To actually perform the collision, we needed to modify Plane::collide, checking whether we were in a cube setting before setting extra constraints that if the current position of the PointMass was outside the finite plane, then we could just exit as no collision has occurred. We also modified Plane::render to account for the size of the cube (since we allowed in the .json files for customization of the size of the cube).

Here, we show a collision between our cube and the cloth.

../scene/cube.json, collision with a cube

We also have a scene here with our cube, a sphere, and a plane. We can see the cloth colliding with all three in this image.

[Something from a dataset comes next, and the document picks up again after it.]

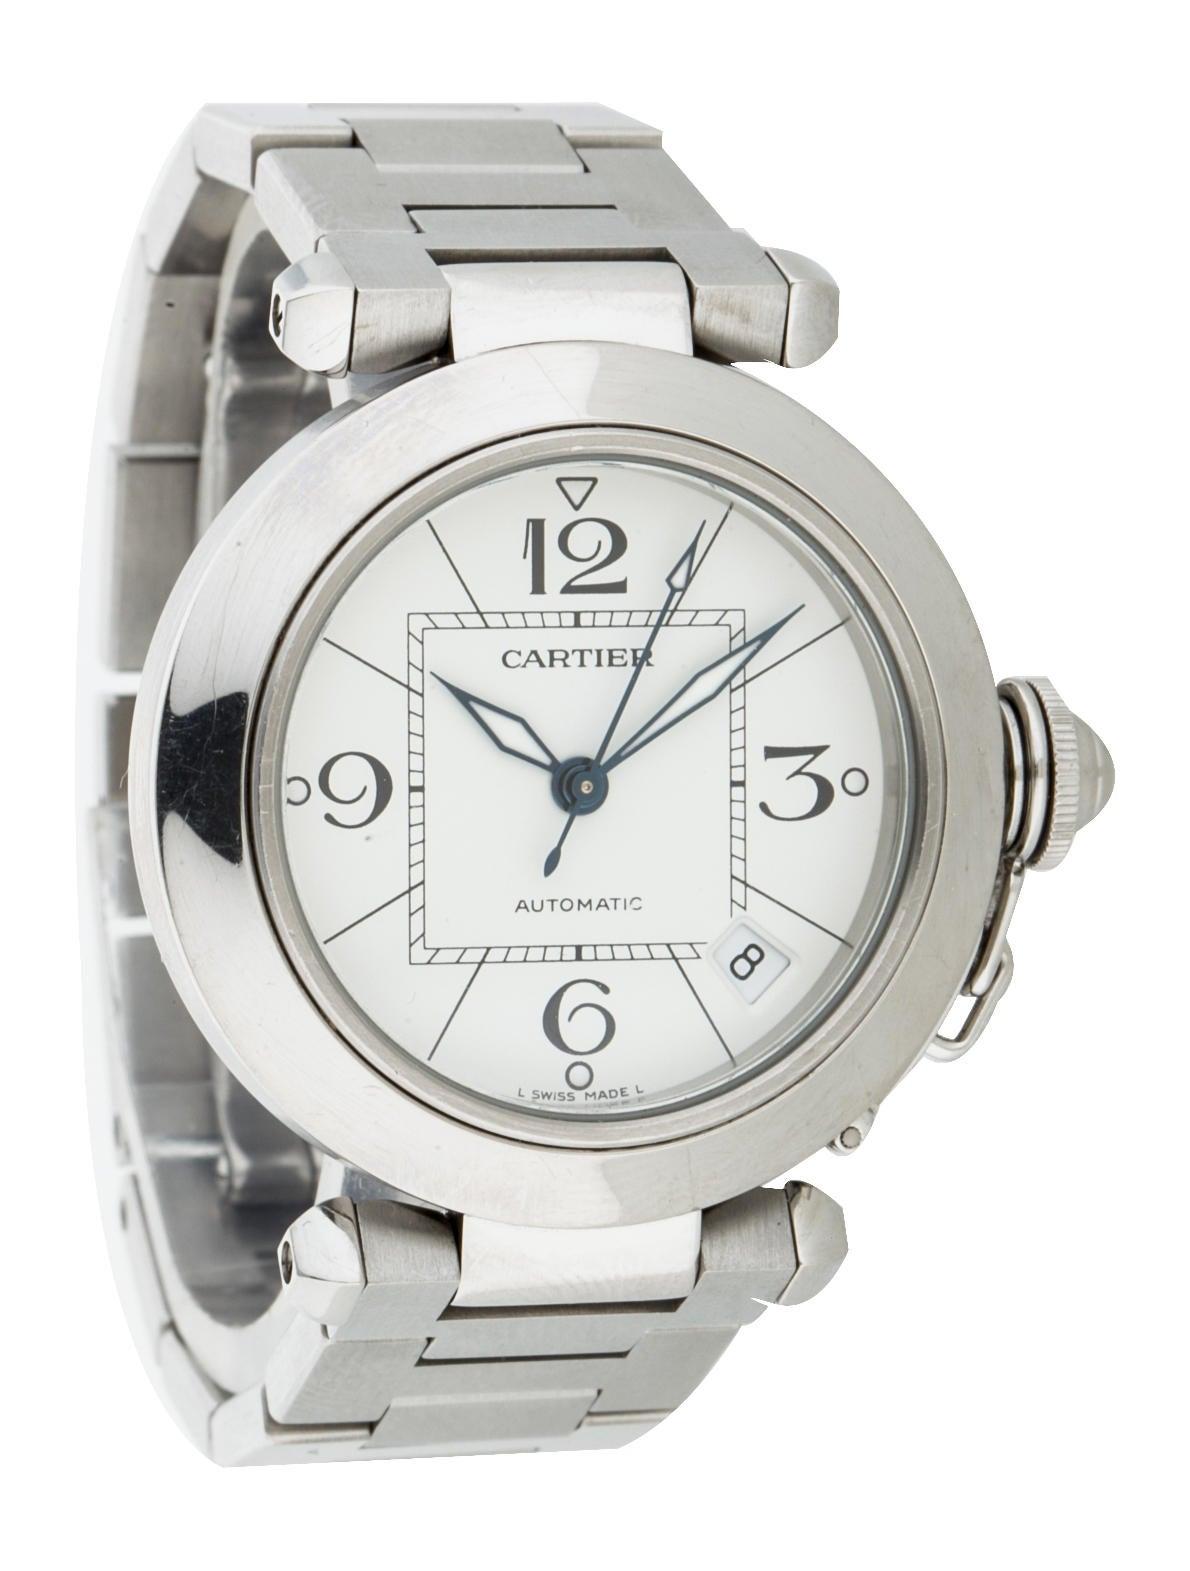 Cartier Pasha De Cartier 2324 Watch - Bracelet
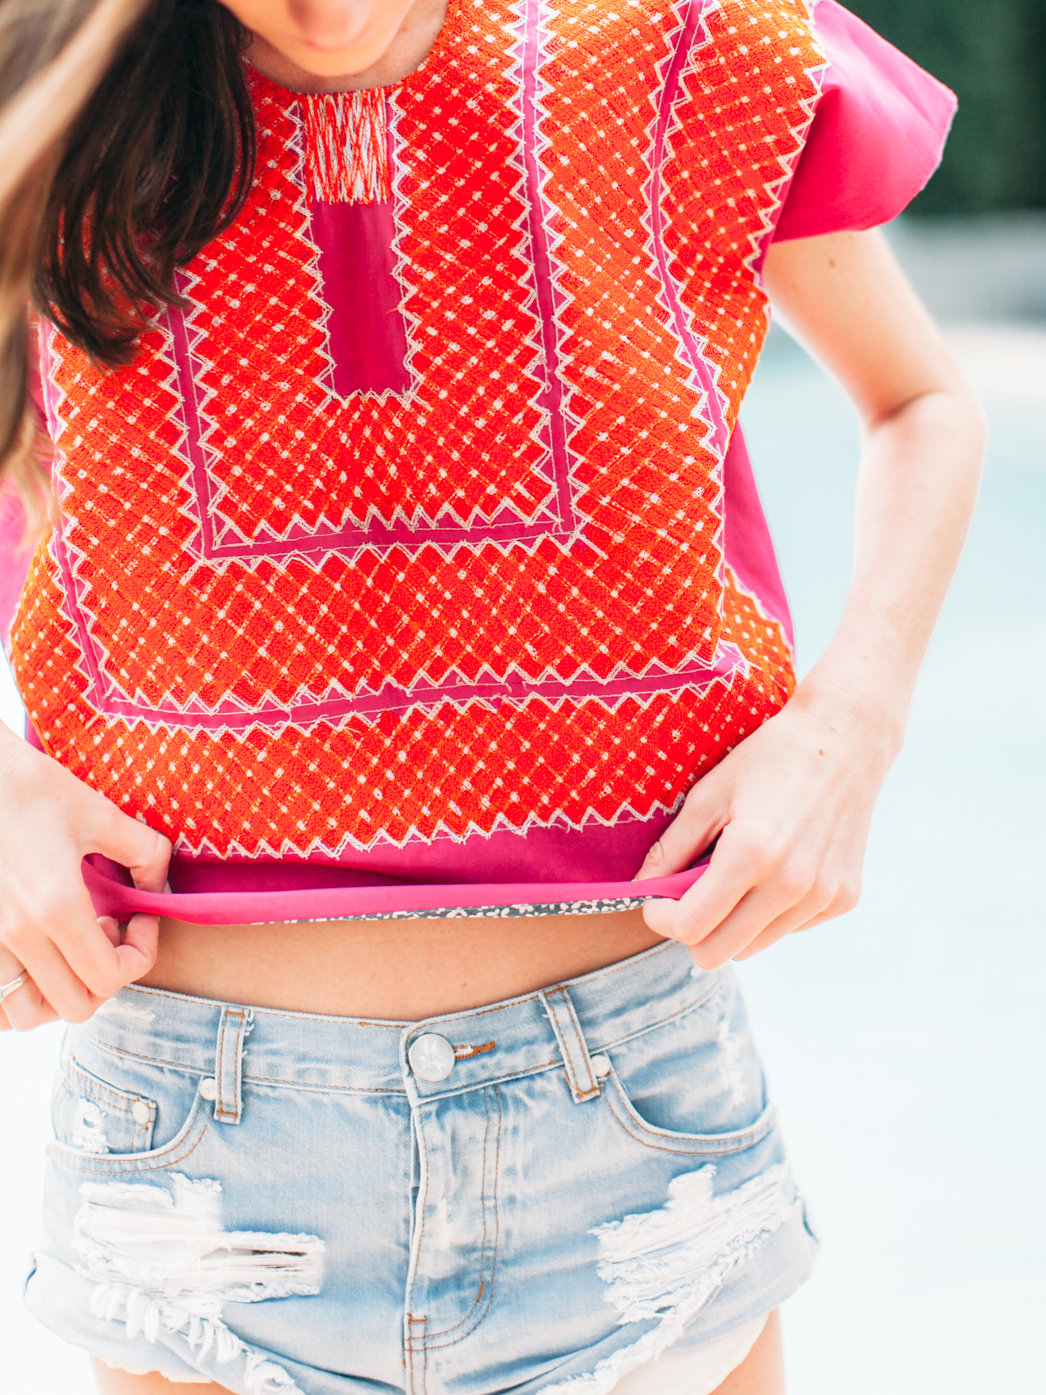 dallas-fashion-blog-being-bridget-7754

../scene/cubesphereplane.json, collision with a cube, sphere, and plane

In both these images, we can see that the cloth slips through the edges of the cube. The reasoning for this is because only the PointMasses on the cloth are actually colliding with the cube, rather than the Springs connecting the PointMasses, and hence, the Springs do cut into the cube unnaturally, but the PointMasses clearly do not.

Contributors

Edward Park, Ashley Chiu

We really enjoyed working on this project :) We worked mainly together in person for Parts 1-5. Then spring break started, so we worked asynchronously, keeping each other up on what progress we made (specifically since we only had extra credit left). For extra credit, we split it up so Eddie worked on wind while Ashley worked on the custom shader, and then we worked together on collisions with cubes. In general, we collaborated well because we were able to work through a bulk of the project together in person, which mitigated any miscommuncations, and when we worked asynchronously, we were able to discuss and debug harder problems.